From Chapter One, Section 4 "Adversariality and Feminist Critics," pp. 7-8

     A concern about critical thinking and argument evaluation, as practiced by philosophers, is their adversarial nature. A prominent perception is that critical thinking is antagonistic, picky, and negative—that people are taught to defend and attack, to argue against opponents, to find strategies and tactics of argument, to buttress their own positions, to be sharp and engage in battles of the wits. There is a point to these criticisms, which have been stated by a number of feminist thinkers. Metaphors for argumentative practice are abundantly militaristic, as feminist analysts have pointed out and they seem all too readily to class differences in belief as battles of the wits. This being the case, one might be skeptical about the notion that through argument people could find common ground and a constructive response to conflict. It might be feared instead that arguing will be polarizing, antagonistic, and counter-productive. Some feminist critics have claimed that arguers seek mastery over others, attempting through their verbal facility and command of facts, to force others to change their minds.

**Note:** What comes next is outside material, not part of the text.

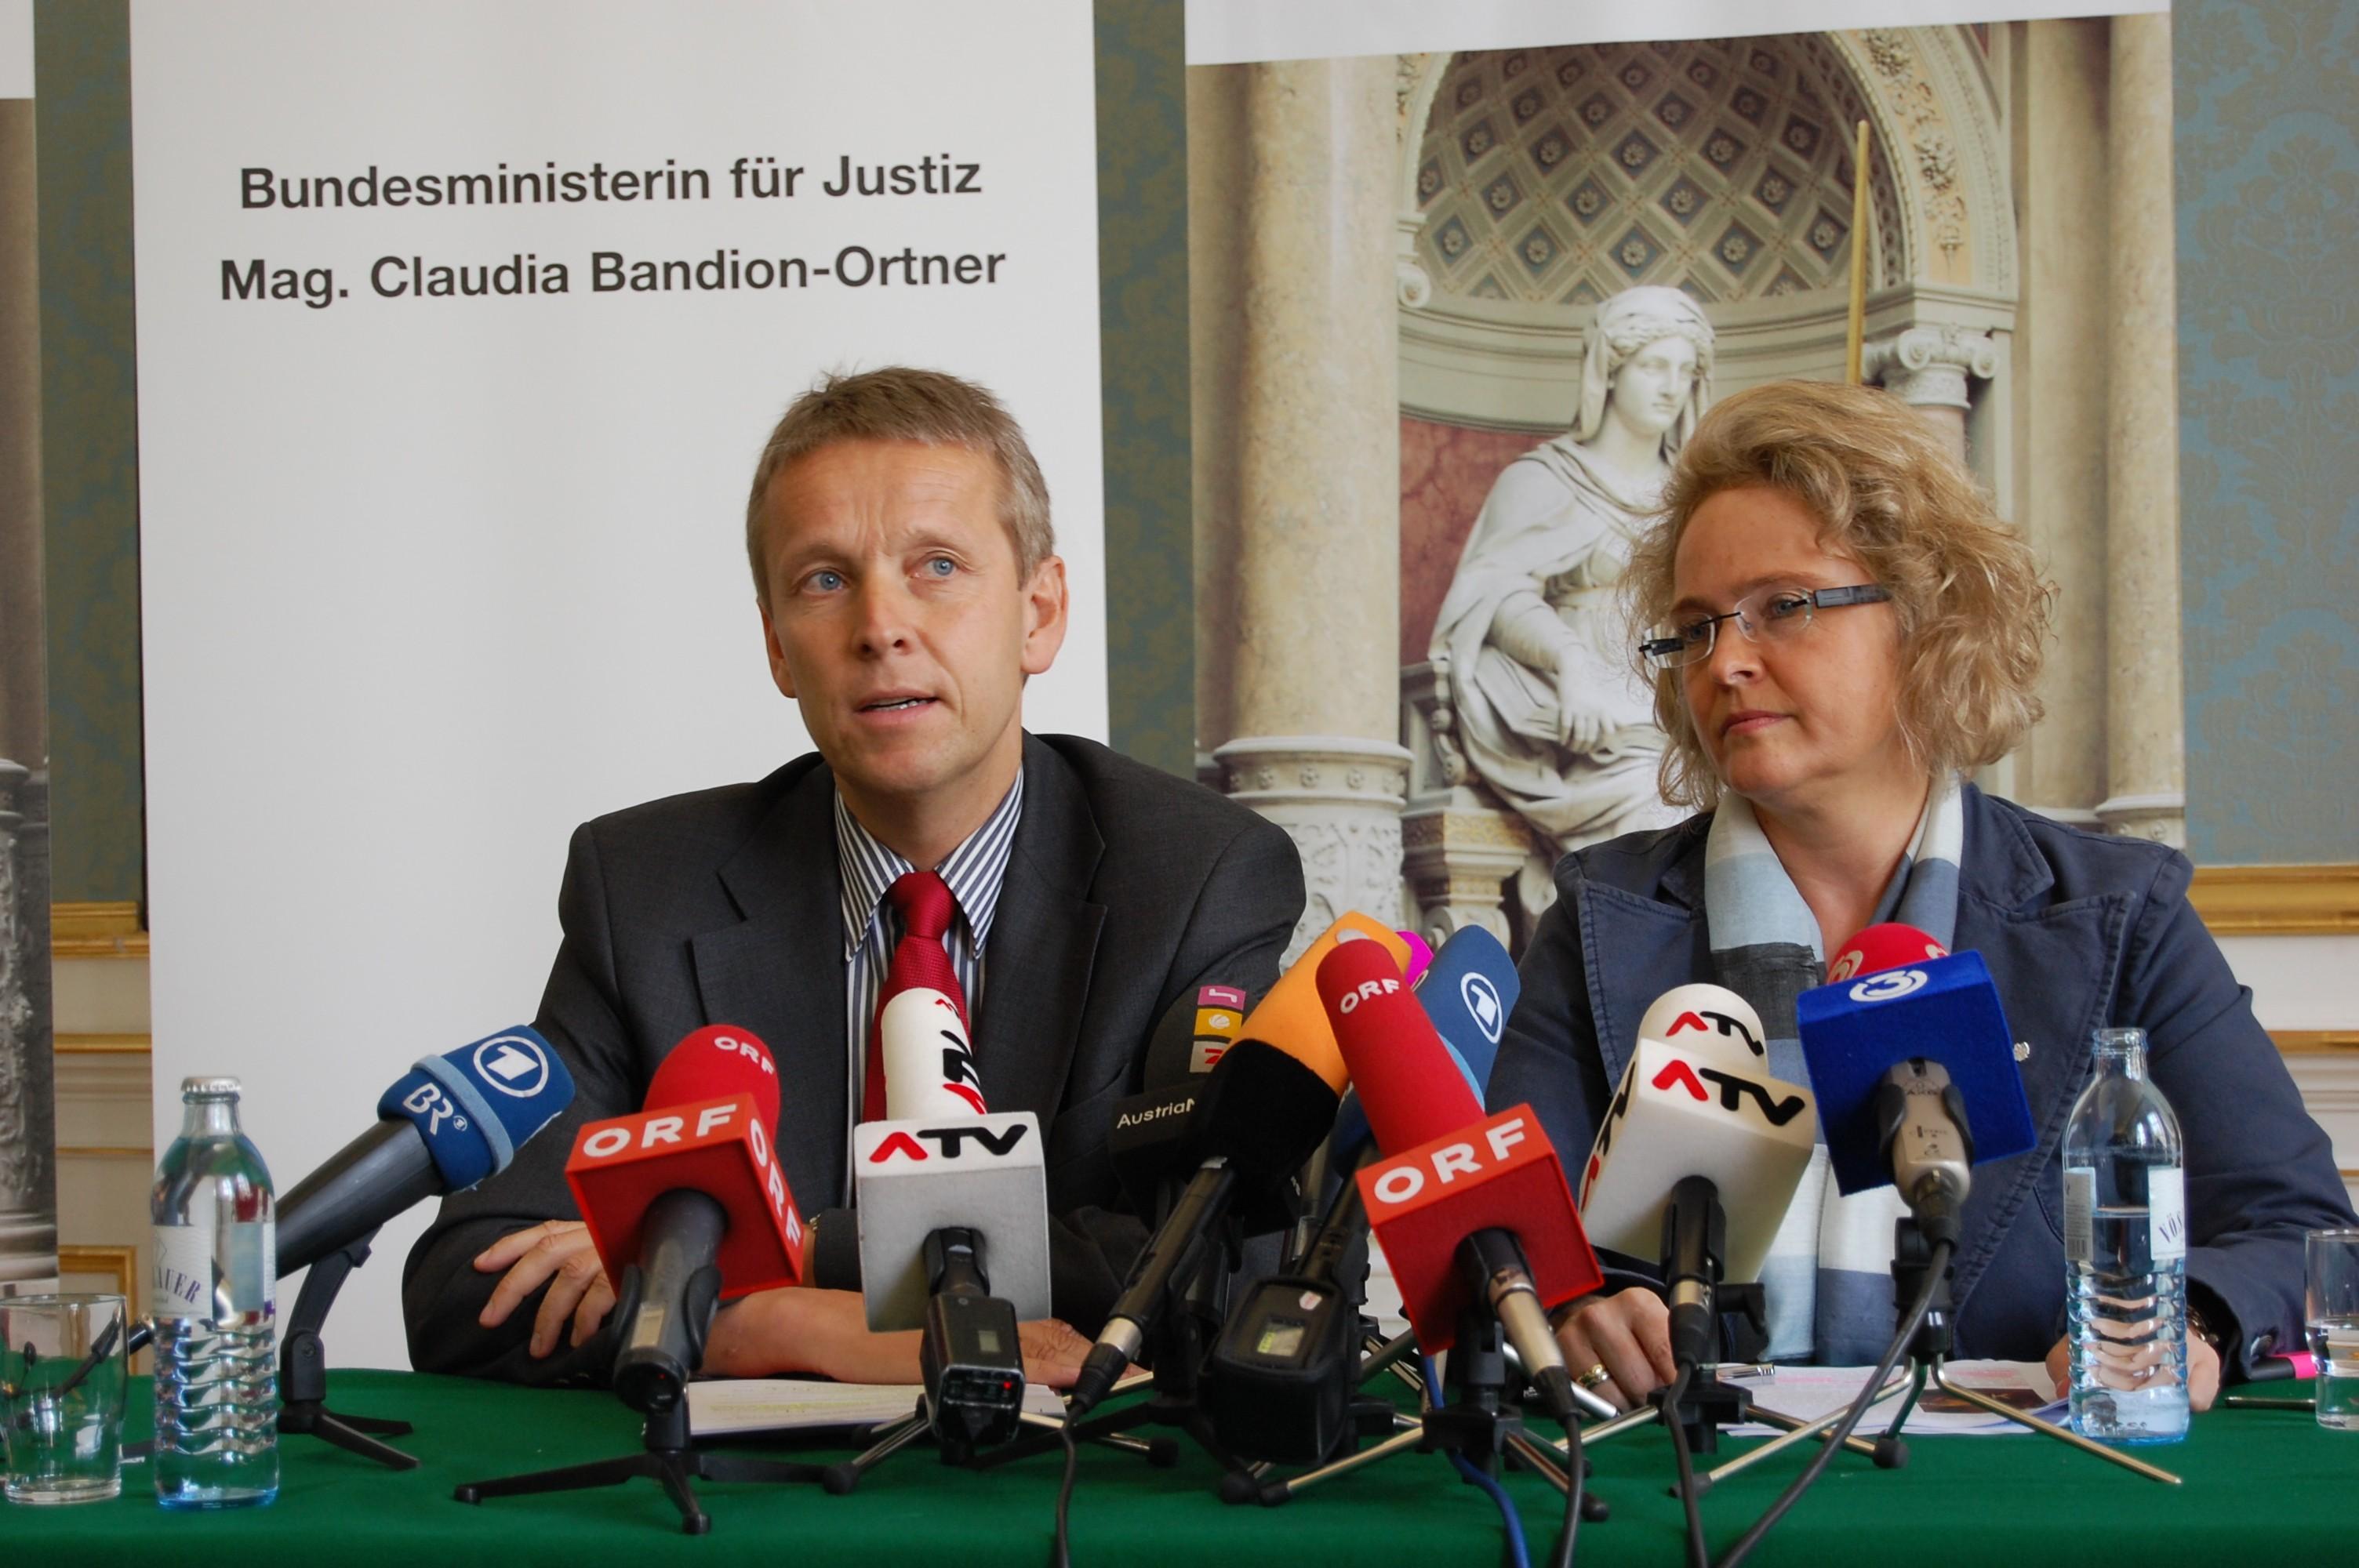 Großes Medieninteresse an der gemeinsamen Pressekonferenz mit Justizministerin Claudia Bandion-Ortner (C) BMJ

     The negative adversariality which so often accompanies argument is indeed a matter for concern. It has to be acknowledged that many people, including many philosophers, do argue in an adversarial, closed-minded, and virtually hostile way—and that this style of argument is unlikely to be of value in informing political practice so as to carefully establish common ground and socially reasoned political judgments. Training in critical thinking is immensely valuable in making us sensitive to ambiguities, fallacies, hasty inferences, and problematic premises. But if our responses to others are primarily defensive and negative, serving only to protect our own beliefs from "attack," then their usefulness as tools for building reasonable common ground will be limited.

     We can respond to the adversariality issue in two stages. First of all it is crucial to note that in addition to the adversarial, even militaristic aspects of much argumentative practice, there are other aspects of argumentative practice expressive of respect for persons and other minds. To argue one’s point may seem closed-minded in implying that one is right and has to bring others around. But if we look more closely, we see something else in argument: the bringing forward of evidence and reasons in an effort to rationally persuade another person that the conclusion claim is acceptable. The other person is addressed as a rational being, as a person with beliefs and values of his own, as one who thinks and is capable of changing his beliefs on the basis of reasons and evidence. To present someone with an argument is to attend to his or her mind and thinking processes and to do so in a non-manipulative way. It is to honestly acknowledge differences of opinion and belief, not to skirt over them, hide them, or seek to avoid them by using slogans, loaded terminology, or visual imagery instead of argument. To present others with arguments is to show respect for them as autonomous thoughtful people.

     Contrary to what some feminists have alleged, rational persuasion is not in essence coercive: the other party is always free to reject premises and conclusions. No argument or arguer will force anyone to change her mind. She will change her mind, if at all, because she is convinced or persuaded. Disagreement is openly and honestly acknowledged and respectfully attended to. Thus the attempt to persuade by argument is not manipulative in nature. To present others (and, on occasions, ourselves) with arguments is to invite reflection and provide some of the material for it. When arguments are put forward in a polite, non-hostile way, in reasonable tones and without epithets and insults, back-and-forth, argument need not be confrontational and aggressive. We can argue for a claim without arguing against a person. There are non-adversarial aspects of argument. And there are non-adversarial metaphors for argument—arguments may help us build a case, explore a topic, or think through a problem. Evaluating arguments may lead us to change our own minds; a critical analysis of someone else’s case is not, by definition, a negative one.